Sim, os meus avós apaixonaram-se por Angola. Viveram ali os melhores anos das suas vidas. Mais: viveram gratos pela oportunidade de viver num país tão extraordinário. Como muitos, regressaram a Portugal contrariados, porque tinha que ser, porque queriam pôr a sua família em segurança. E não mereciam passar pelas humilhações que os esperavam em Portugal.

 

“Depois do Adeus”, a nova série da RTP, faz um retrato do que se passou. Um retrato fiel que apazigua o coração de tanta gente que deixou a “sua” terra para regressar à “pátria” de Mário Soares (ficou célebre um discurso seu em que dizia que os portugueses das colónias estavam por sua conta, entregues à sua sorte).

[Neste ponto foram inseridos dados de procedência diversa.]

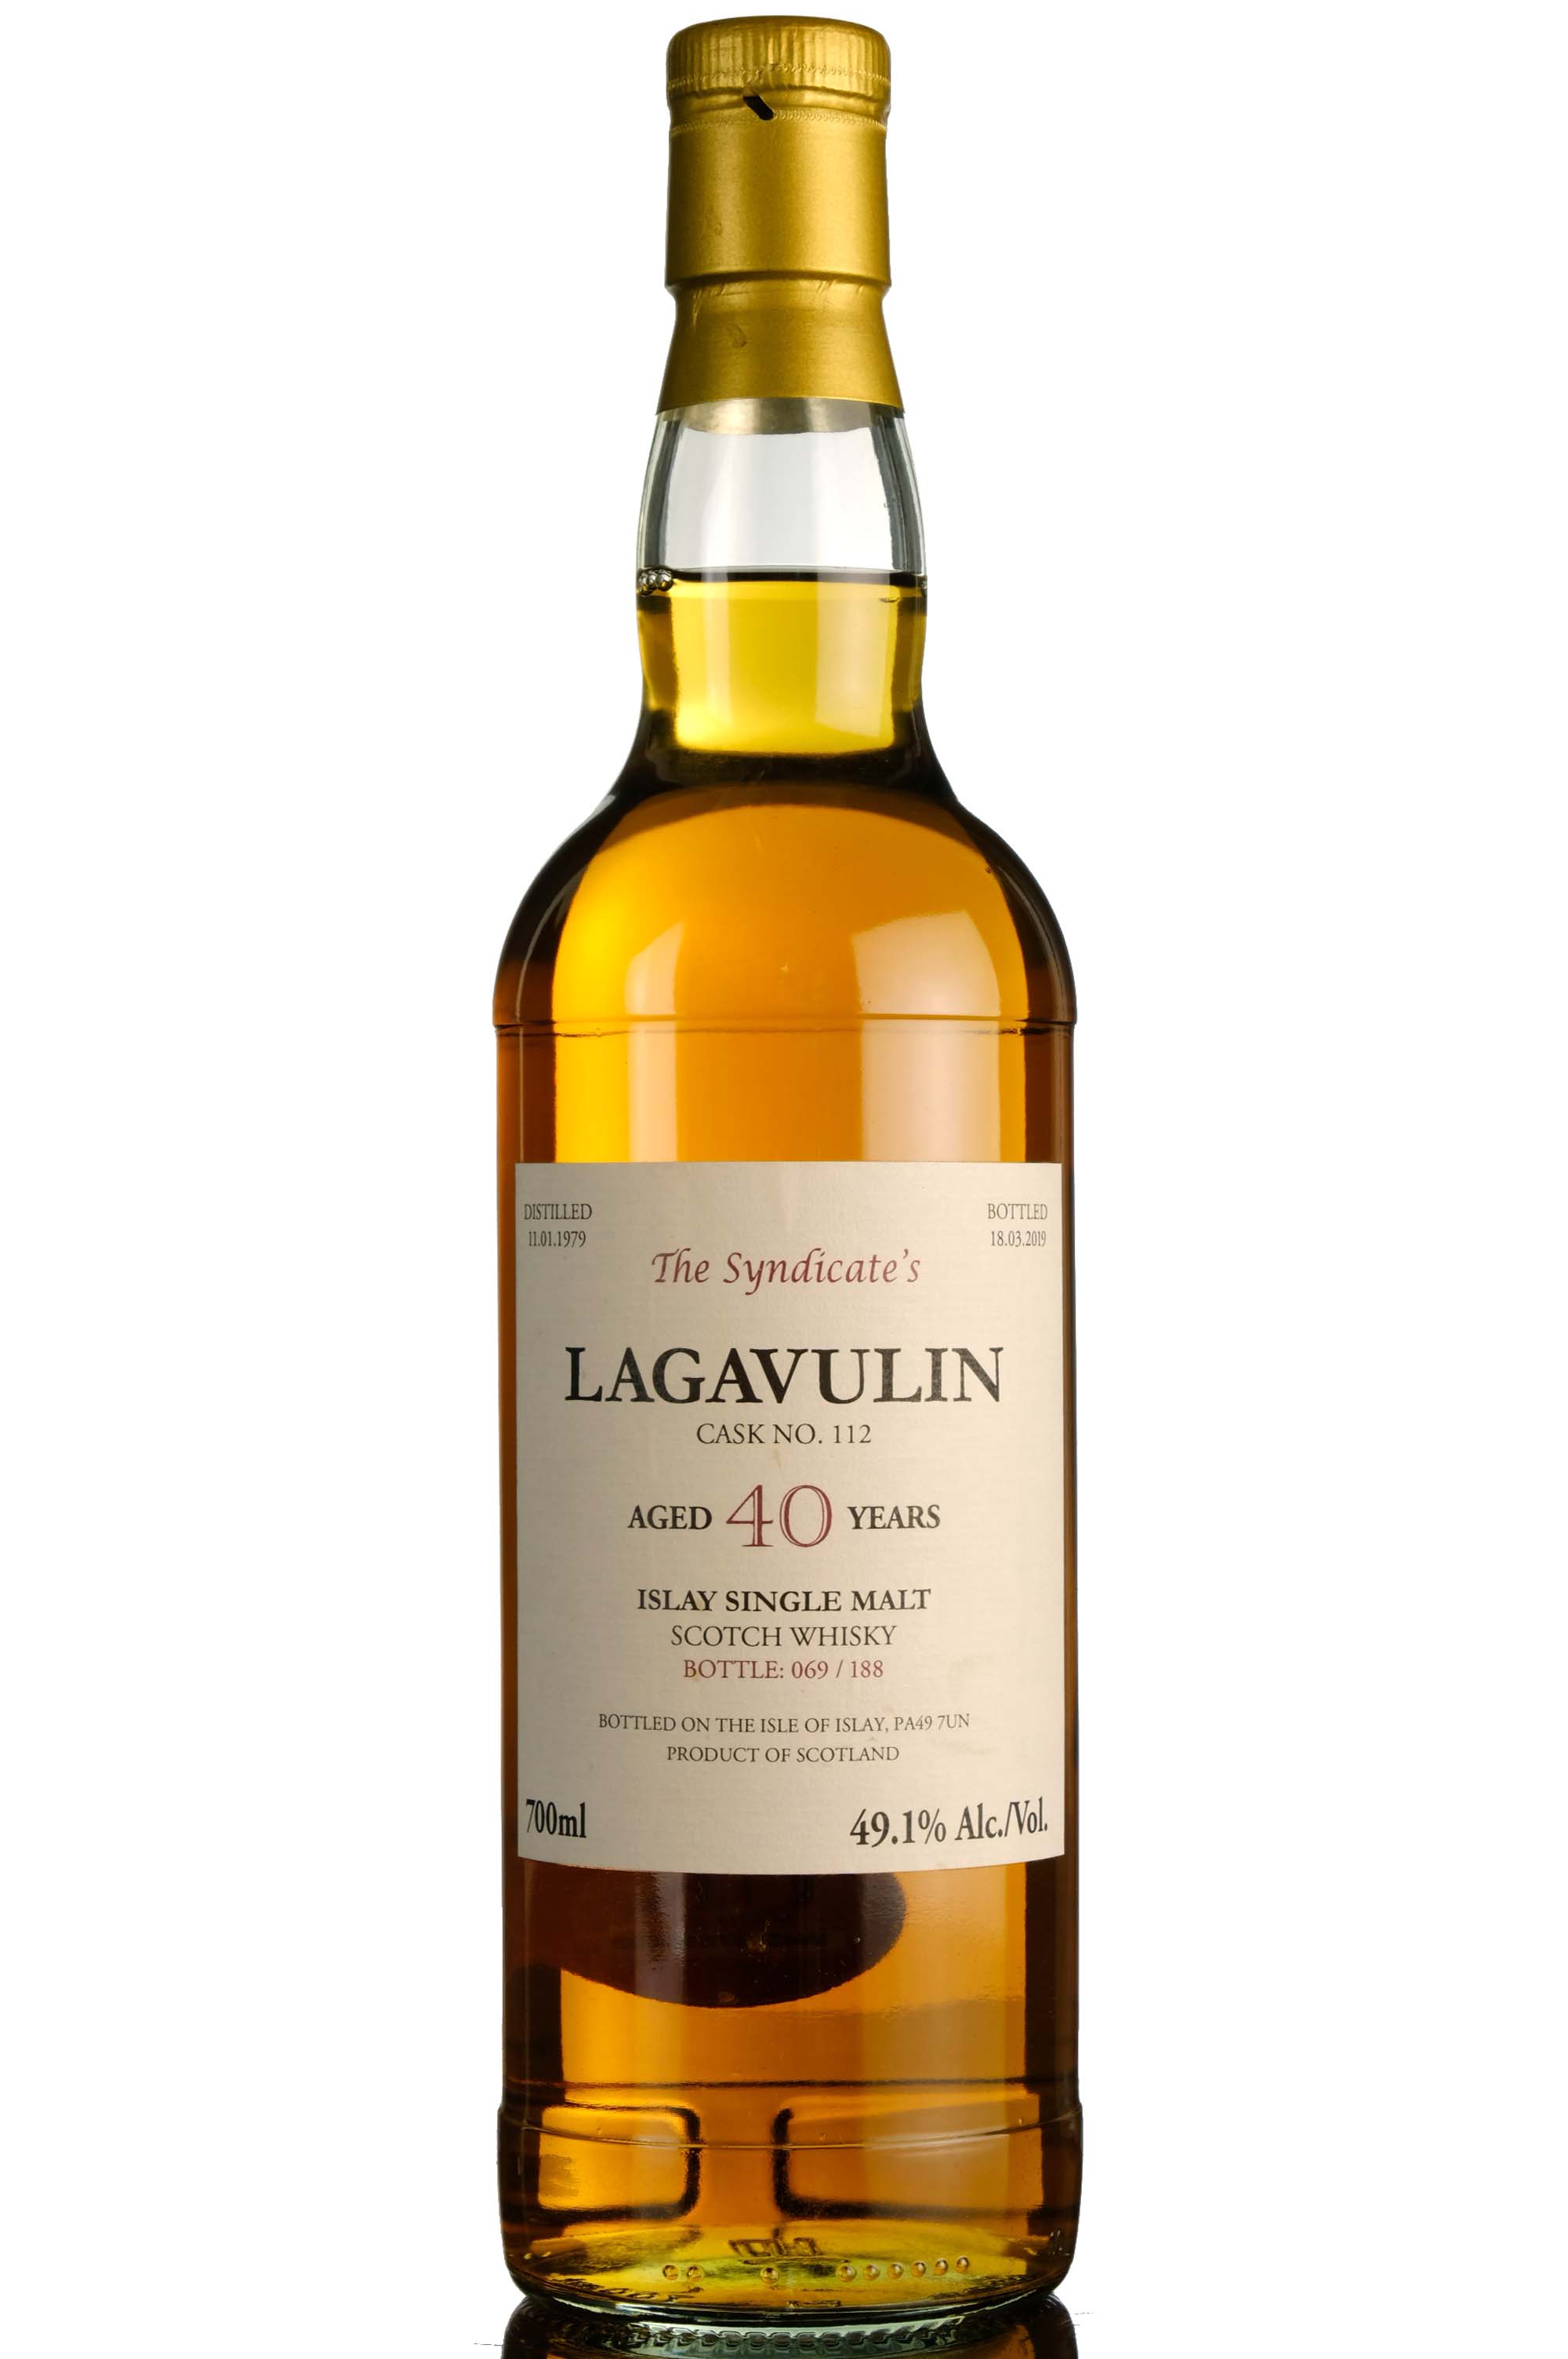 Lagavulin 1979-2019 - 40 Year Old - The Syndicates - Single Cask 112

Gente como a senhora A. que conheci noutro dia aqui mesmo, em Timor, e que me contou emocionada que ainda tentou regressar a uma Angola que já não era a sua.

 

Uma senhora com cerca de 60 anos que em Portugal se recusou a ver a série mas que durante uma escala em Singapura, através da RTP Internacional, fez as pazes com o passado.

 

Grande RTP!

 

E não consigo deixar de pensar como será o regresso da minha geração, desta geração emigrante, um dia, a Portugal. Seremos recebidos de braços abertos ou de punho fechado? Irão acusar-nos de ter abandonado o nosso país? Ou irão lembrar-se que nós é que fomos abandonados, aconselhados a partir?

 

E há um ano, a 13 de Março, disse adeus a Portugal.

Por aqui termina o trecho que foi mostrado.